* _ABOUT THIS EXERCISE_
Omit every picture and return the rest of the data unaltered.

* _PROVIDED DATA_
☆ ☆ ☆ ☆
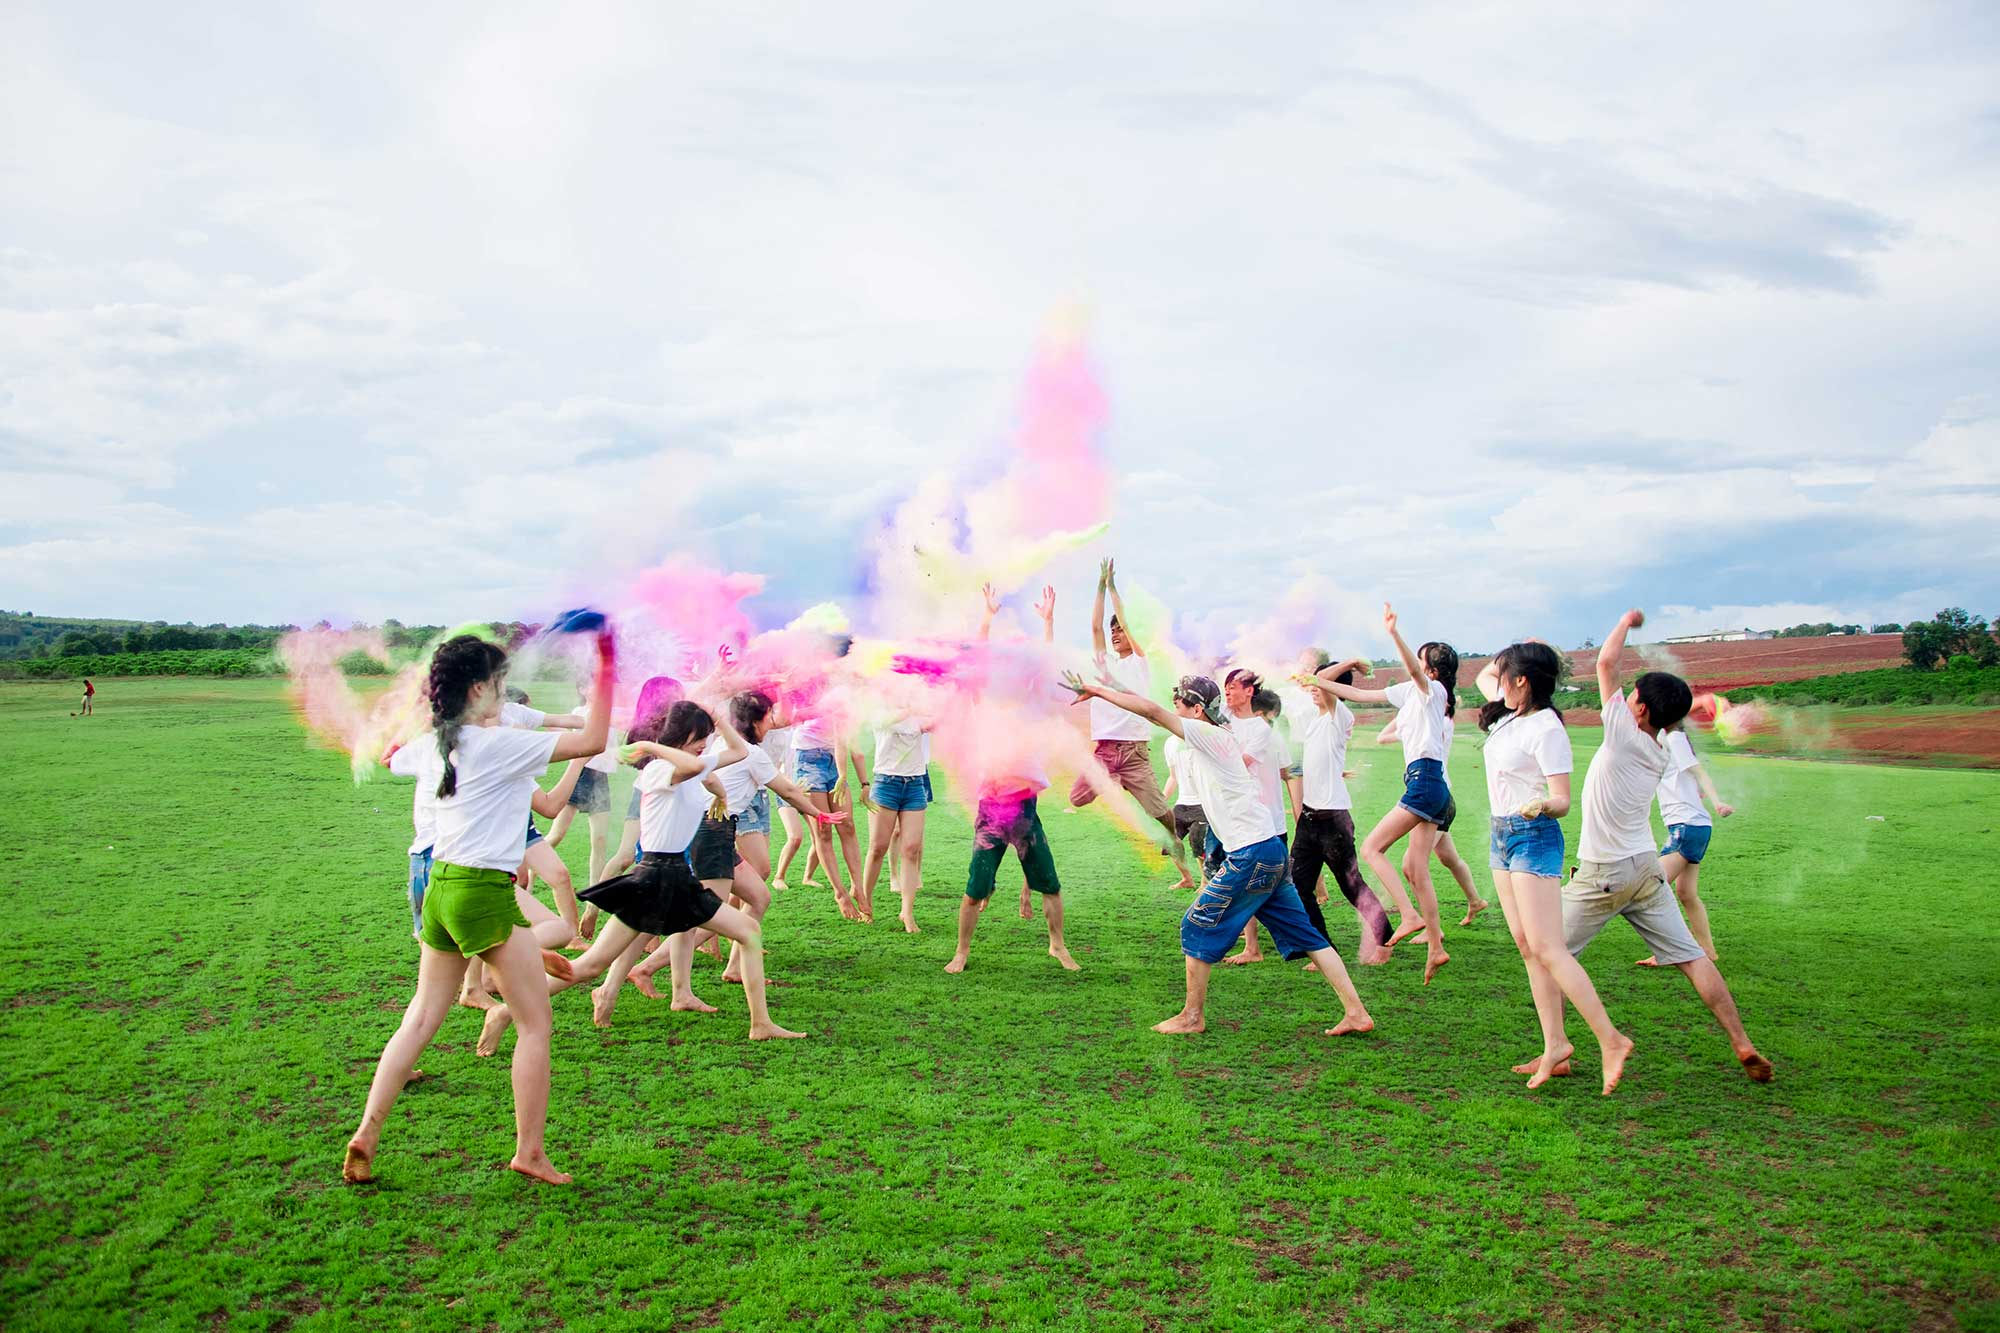 Ảnh kỷ yếu mang âm hưởng 'Color me run' của teen Chư Sê
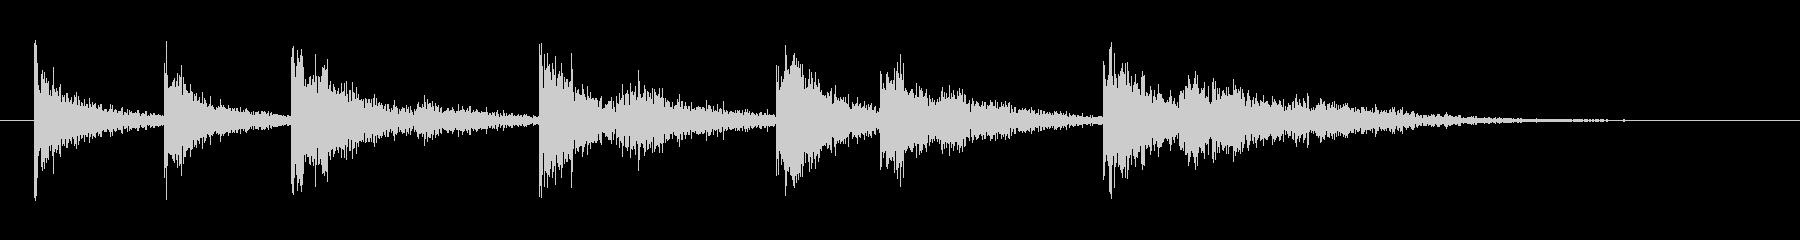 カランカラン(空き缶の転がる音)の未再生の波形
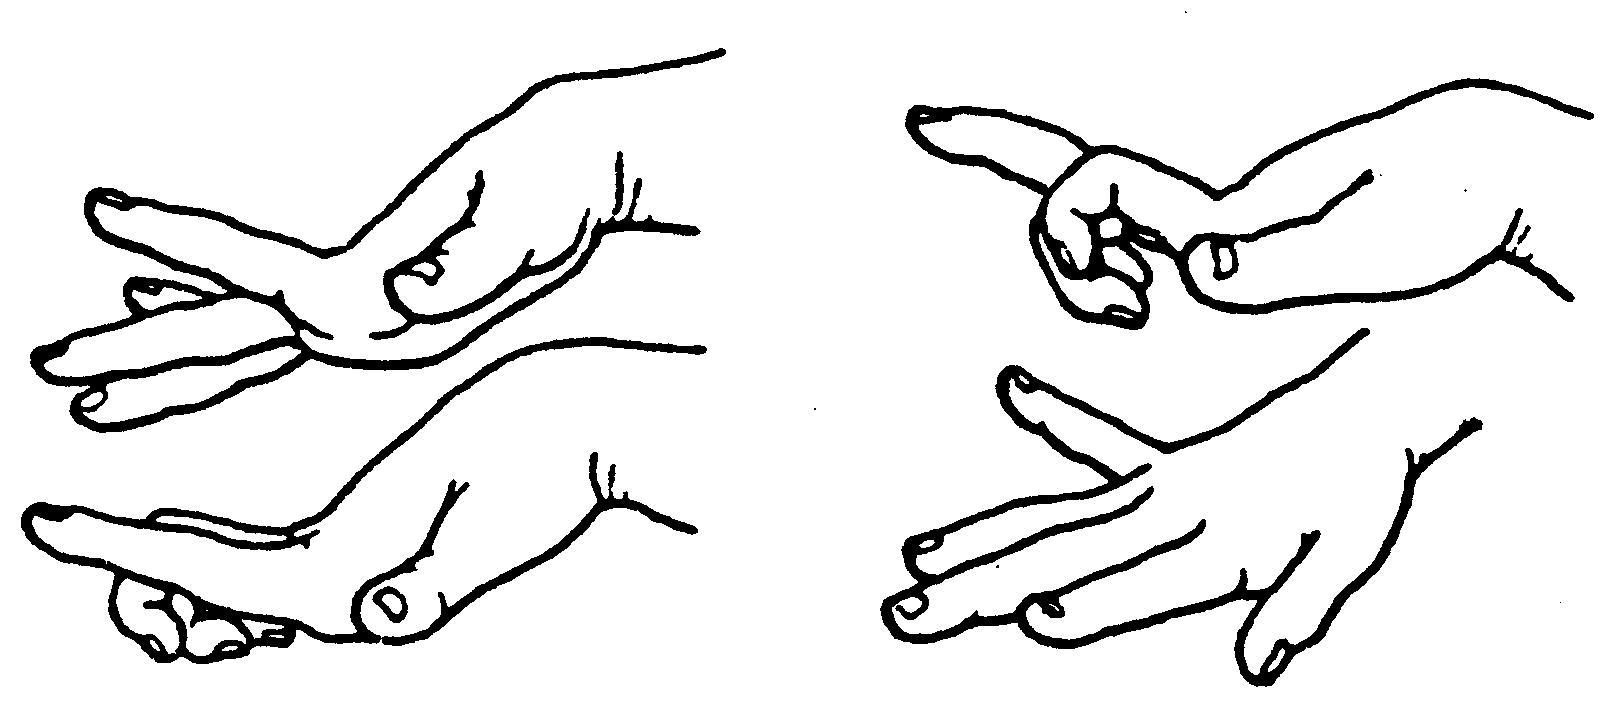 简笔画 设计 矢量 矢量图 手绘 素材 线稿 1624_715
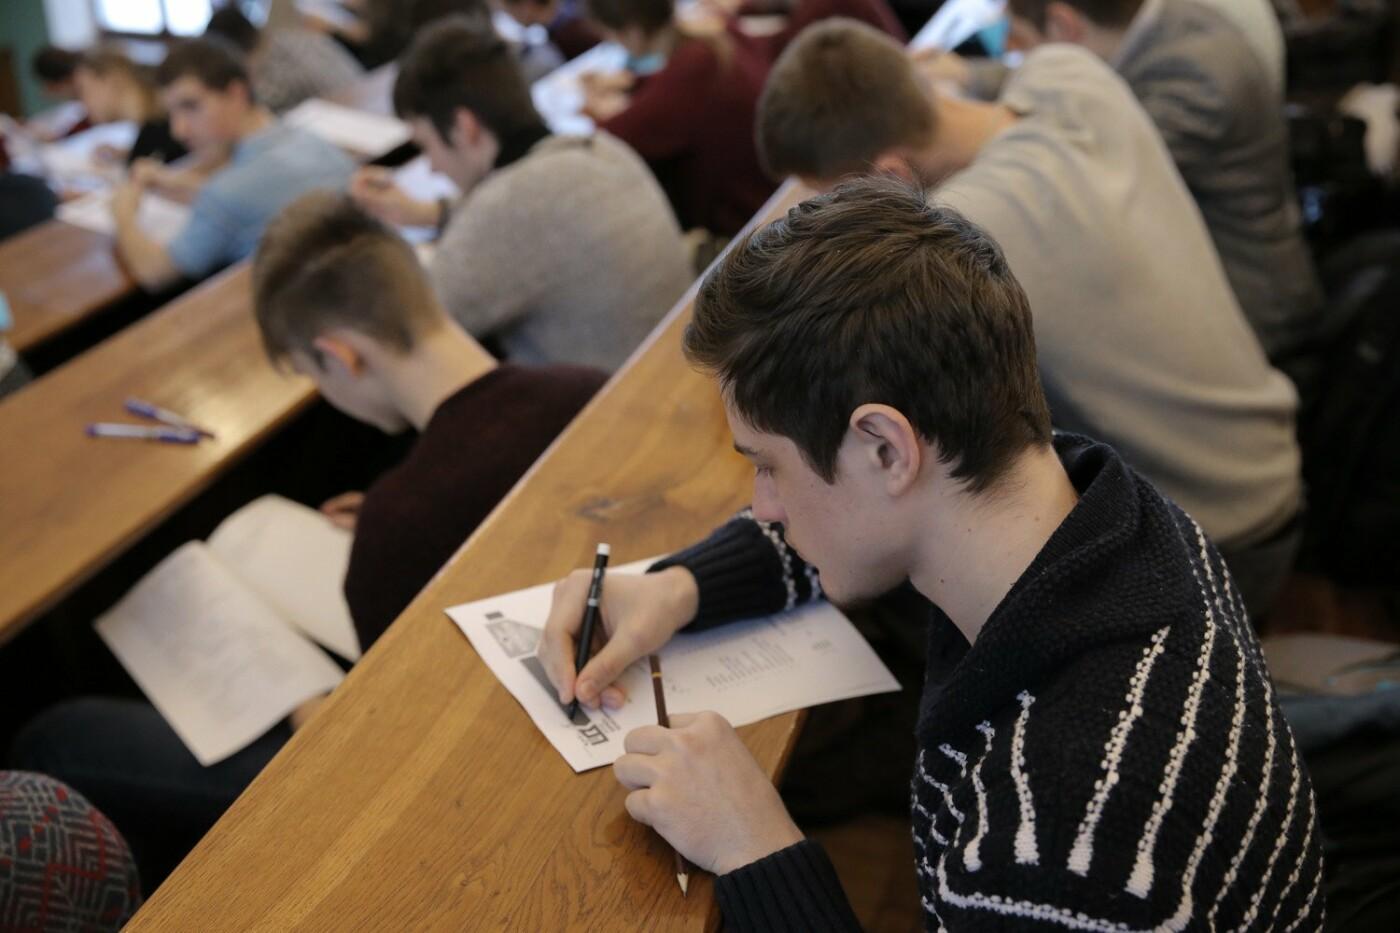 Студенты Днепропетровщины сражаются в знаниях за право посетить Лондон в рамках «Авиатора», фото-1
☆ ☆ ☆ ☆
* _EXERCISE RESULT_
 Ảnh kỷ yếu mang âm hưởng 'Color me run' của teen Chư Sê
 カランカラン(空き缶の転がる音)の未再生の波形
 简笔画 设计 矢量 矢量图 手绘 素材 线稿 1624_715
 Студенты Днепропетровщины сражаются в знаниях за право посетить Лондон в рамках «Авиатора», фото-1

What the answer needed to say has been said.